The centre, the second in South Africa, is aimed at establishing and nurturing small- and medium-sized enterprises that can supply components to Nissan South Africa’s production line, while they receive training on meeting international standards for automotive parts and components.
“We must view this initiative within the broader context of the need to re- industrialise our economy and increase local production on a grand scale,” Makhura said.
Only 35% of the components and parts used to make vehicles in South Africa is produced locally; the balance is imported. Gauteng’s car makers spend nearly R8- billion a year on imports for automotive parts, components and accessories.
Job creation
The automotive industry is one of the sectors earmarked by Gauteng government for inclusive growth and job creation. The first Automotive Incubation Centre was launched in 2011 at Ford Motor Company of Southern Africa’s manufacturing plant in Silverton, also in Tshwane.
The incubation centre was established by the Automotive Industry Development Centre (AIDC), a subsidiary of the Gauteng Growth and Development Agency (GGDA), itself a unit of the Gauteng department of economic development.
Speaking at the launch, Makhura said the provincial government’s partnership with the automotive industry was moving from one level to another. “We are bound together on the hip. It started and it cannot end; it can only grow from strength to strength.”
The industry had committed itself to working with the government towards the revitalisation of the township economy. “I want those township mechanics to be trained here; those are the people we want to service our government cars. The new generation of players in the automotive industry are going to come from the township. I always emphasise that black economic empowerment will be more sustainable when it is premised on entrepreneurs,” Makhura said.
Mike Whitfield, the managing director of Nissan South Africa, said the launch of the Automotive Incubation Centre proved the true power of public-private partnerships. “The automotive industry is gearing to reach the target of 1.2 million vehicles per year by 2020 – critical to reaching the target is the development of the scarce skills at factory level and throughout the value chain and reliable local suppliers.”
Government support
Gauteng’s MEC for economic development, environment, agriculture and rural development, Lebogang Maile, said the initiative was part of the provincial government’s plans to support the automotive sector in the Northern Development Corridor anchored around Tshwane through the AIDC.
“The 10-pillar programme of radical transformation, modernisation and re- industrialisation is about bringing the National Development Plan to life,” Maile said.

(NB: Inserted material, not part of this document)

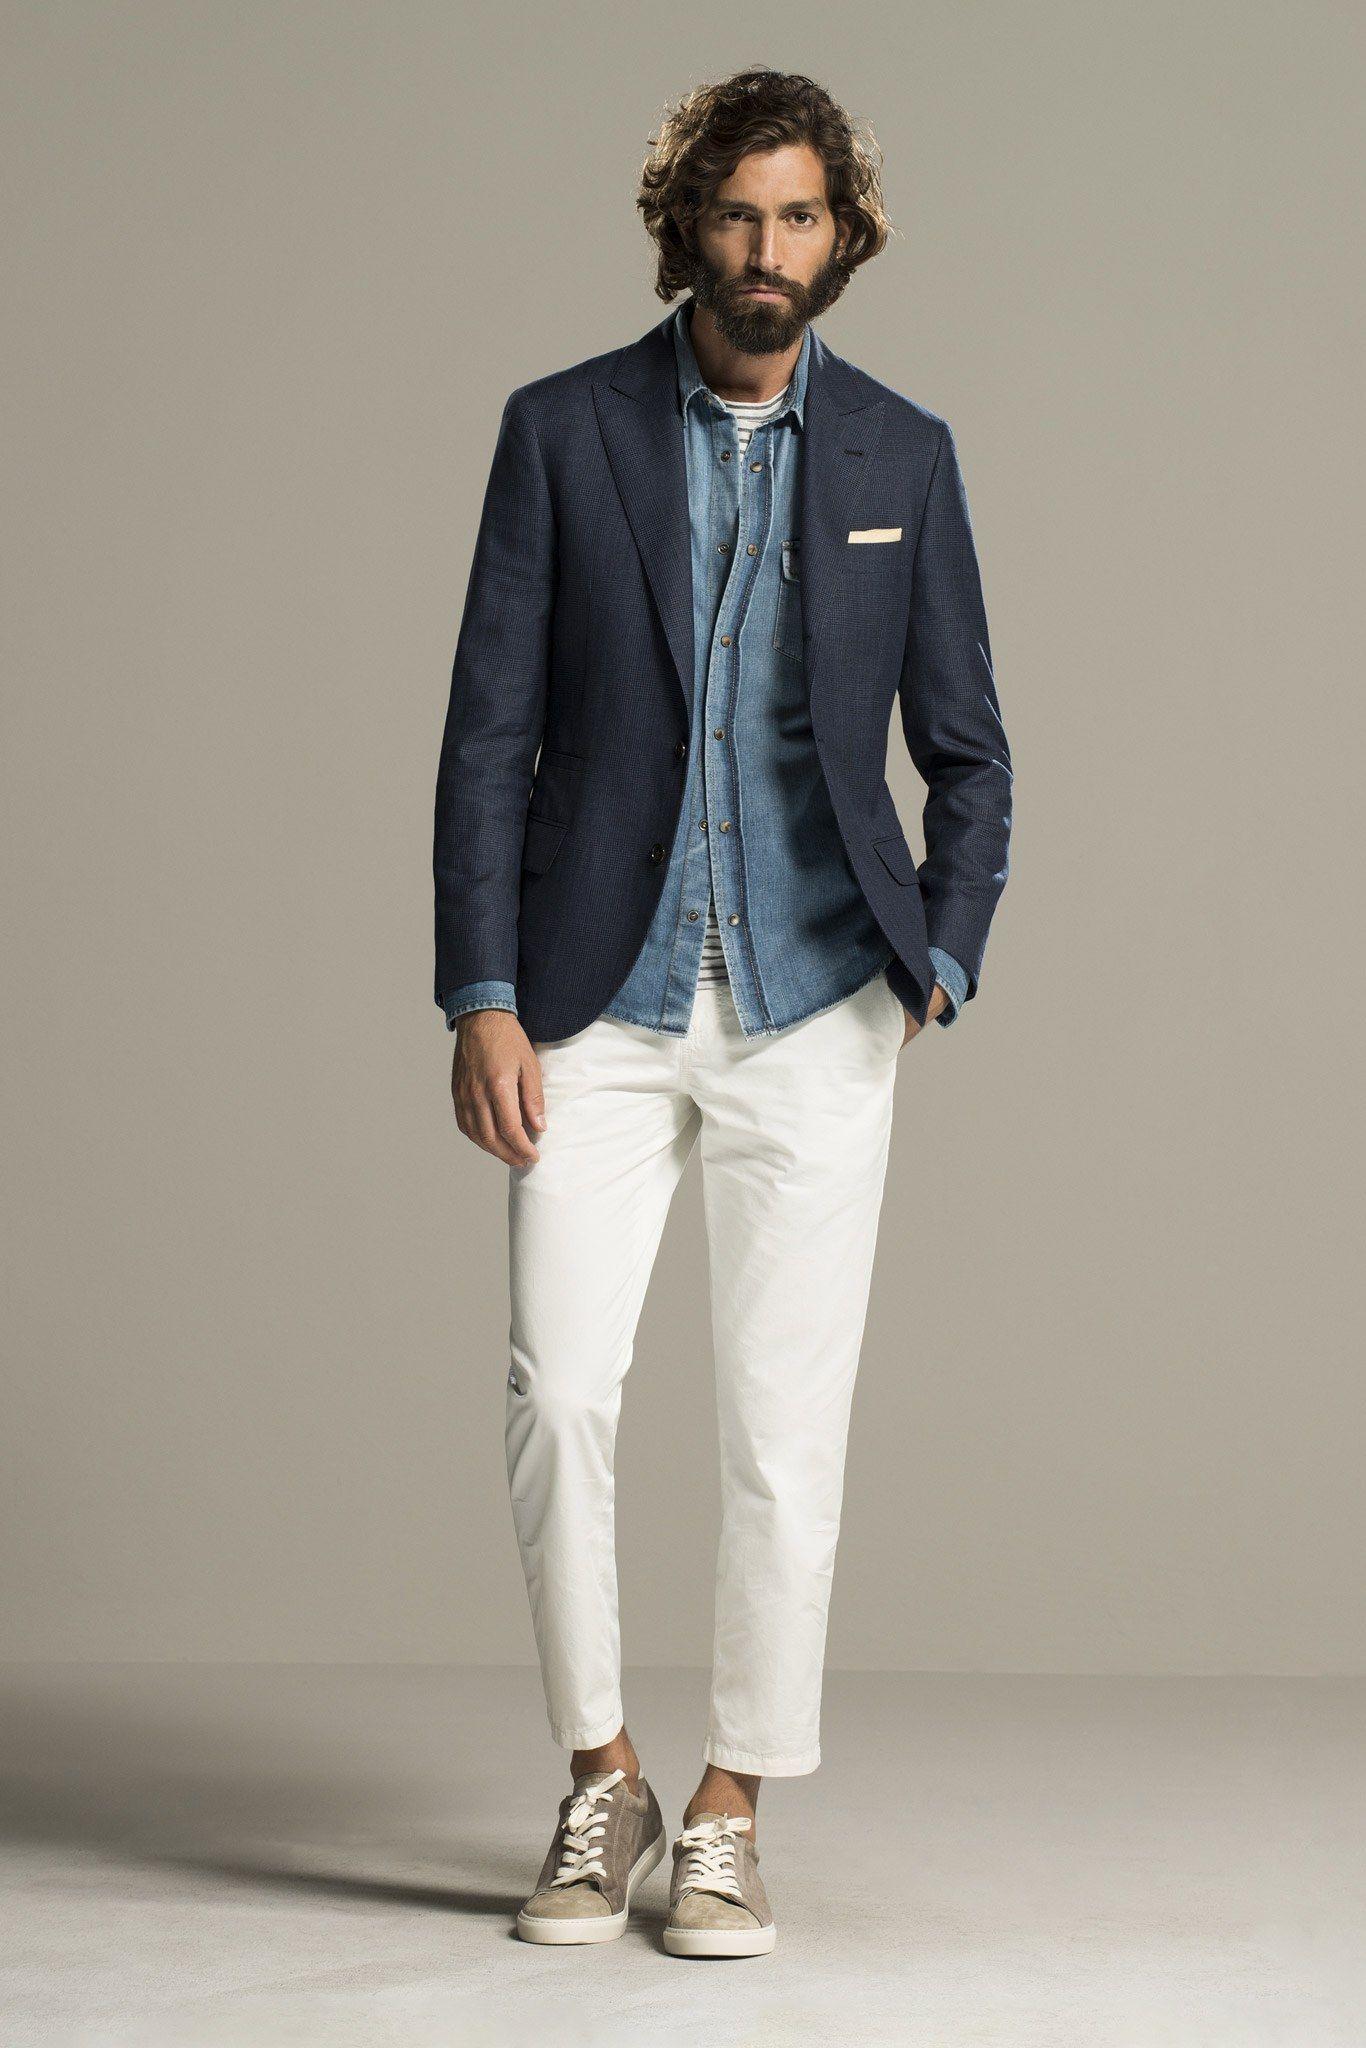 Pinterest Picks – Spring Menswear Style Inspiration ...

According to the AIDC, broad-based black economic empowerment entrepreneurs at the centre are earmarked to supply components directly to the production line for the next generation one-ton pick-up, which will start production in early 2017. The facility at Nissan is intended to replicate the centre at Ford, and will include the lessons learned from the first incubation facility.

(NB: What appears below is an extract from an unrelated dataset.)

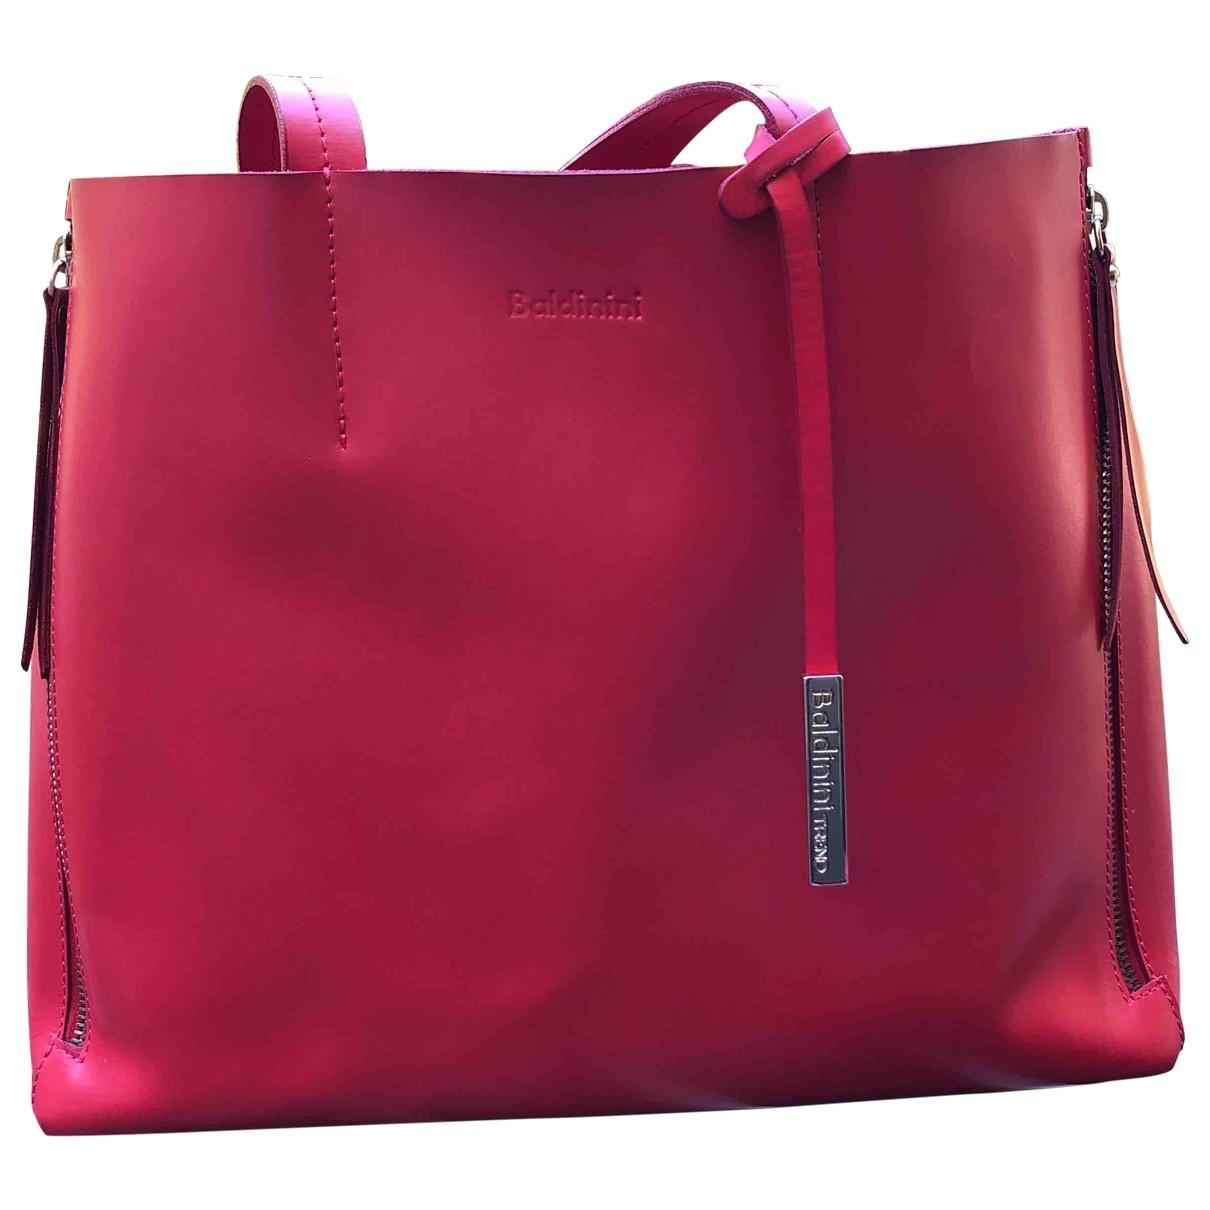 Baldinini \N Red Leather handbag for Women \N

One of the major lessons was for a pre-incubation process. This will involve the identification of 20 potential BEE entrepreneurs that will be pre-incubated for a 12- month period, after which a final choice and appointment will be made. The Nissan centre will also operate as a multi-incubation model incubator, namely, a mix of tier one component suppliers linked to the incubatees and original equipment manufacturers linked to the incubatees.
Nissan’s engineers will support the incubation process by providing their technical expertise to the incubatees during the incubation process. Construction of the AIDC’s 10 000m² Automotive Incubation Centre (Nissan) is under way and scheduled for completion in June.